In this embodiment, the server 2 may include, but is not limited to, a memory 11, a processor 12, and a network interface 13, which may be communicatively connected to each other through a system bus. It is noted that fig. 1 only shows the server 2 with components 11-13, but it is to be understood that not all of the shown components are required to be implemented, and that more or fewer components may be implemented instead.

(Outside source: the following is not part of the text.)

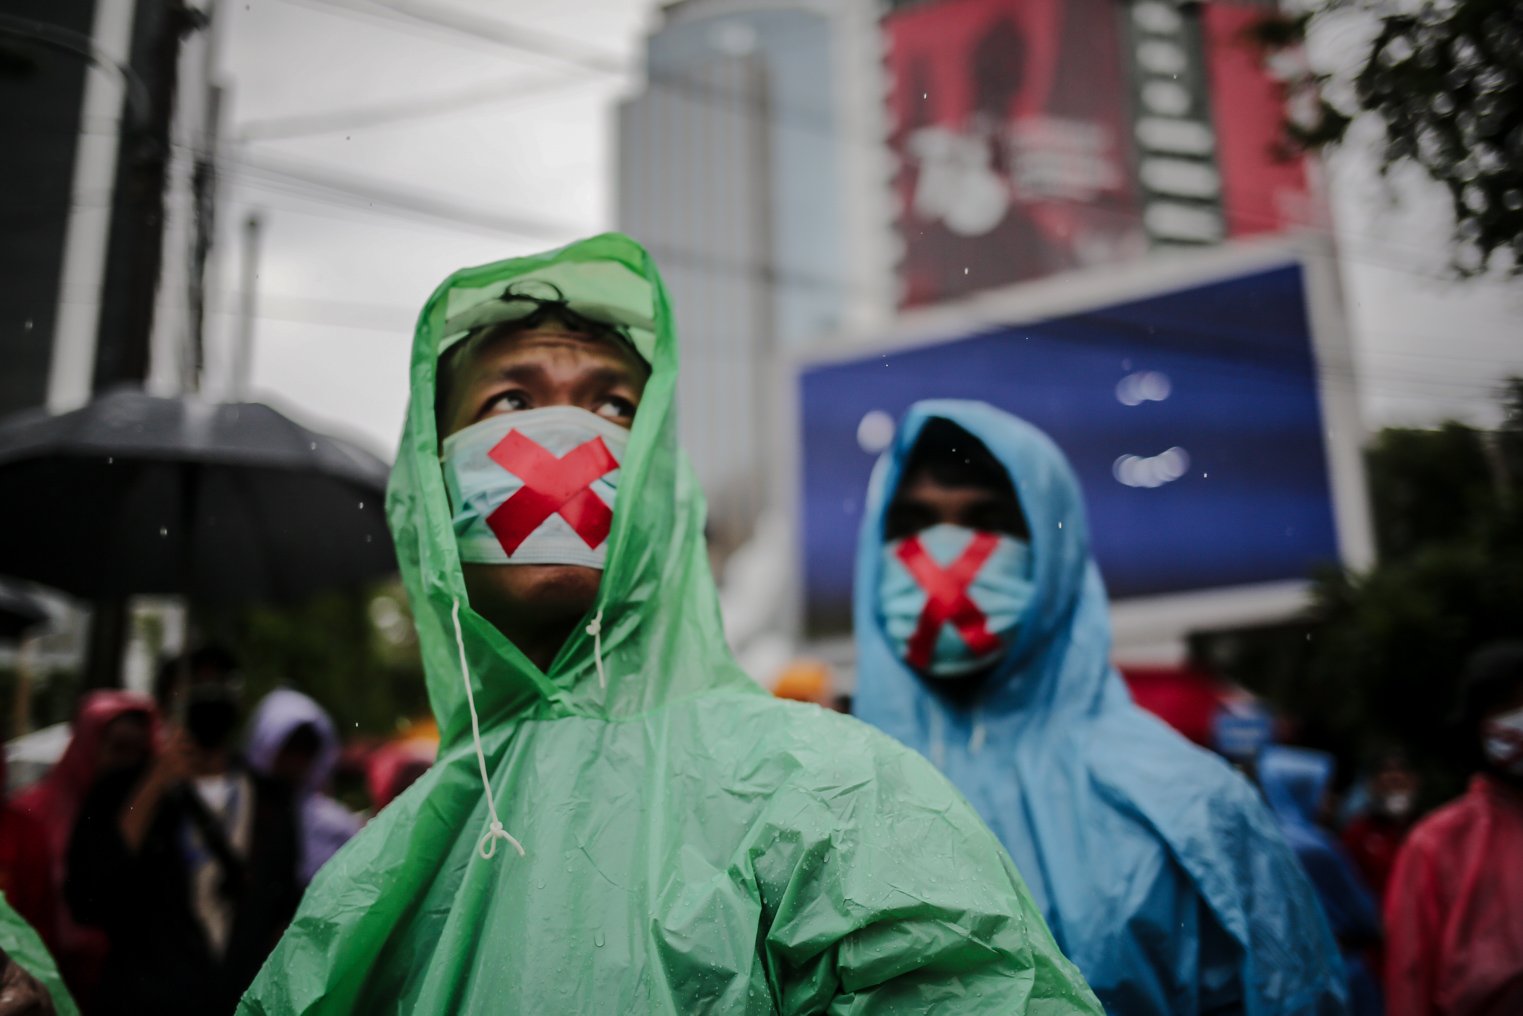 Masa aksi mengenakan masker diberi tanda X antusias menyaksikan orasi saat melakukan unjuk rasa di Wilayah Patung Kuda, Jakarta, Kamis (28/10/2021). Dalam aksinya demonstran yang tergabung dari mahasiswa dan buruh meyuarakan 13 tuntutan diantaranya Cabut Omnibus Law dan seluruh PP turunannya.

The memory 11 includes at least one type of readable storage medium, which includes a flash memory, a hard disk, a multimedia card, a card-type memory (e.g., SD or DX memory, etc.), a Random Access Memory (RAM), a Static Random Access Memory (SRAM), a Read Only Memory (ROM), an Electrically Erasable Programmable Read Only Memory (EEPROM), a Programmable Read Only Memory (PROM), a magnetic memory, a magnetic disk, an optical disk, etc. In some embodiments, the storage 11 may be an internal storage unit of the server 2, such as a hard disk or a memory of the server 2. In other embodiments, the memory 11 may also be an external storage device of the server 2, such as a plug-in hard disk, a Smart Media Card (SMC), a Secure Digital (SD) Card, a Flash memory Card (Flash Card), or the like, provided on the server 2. Of course, the memory 11 may also include both an internal storage unit of the server 2 and an external storage device thereof. In this embodiment, the memory 11 is generally used for storing an operating system installed in the server 2 and various types of application software, such as program codes of the question bank generating system 200. Furthermore, the memory 11 may also be used to temporarily store various types of data that have been output or are to be output.
The processor 12 may be a Central Processing Unit (CPU), controller, microcontroller, microprocessor, or other data Processing chip in some embodiments. The processor 12 is typically used to control the overall operation of the server 2. In this embodiment, the processor 12 is configured to run the program codes stored in the memory 11 or process data, for example, run the question bank generating system 200.
The network interface 13 may comprise a wireless network interface or a wired network interface, and the network interface 13 is generally used for establishing communication connection between the server 2 and other electronic devices.
The application environment and the hardware structure and function of the related devices of the various embodiments of the present invention have been described in detail so far. Hereinafter, various embodiments of the present invention will be proposed based on the above-described application environment and related devices.
First, the present invention provides an item bank generating system 200.
Referring to fig. 2, a block diagram of a first embodiment of the library generating system 200 of the present invention is shown.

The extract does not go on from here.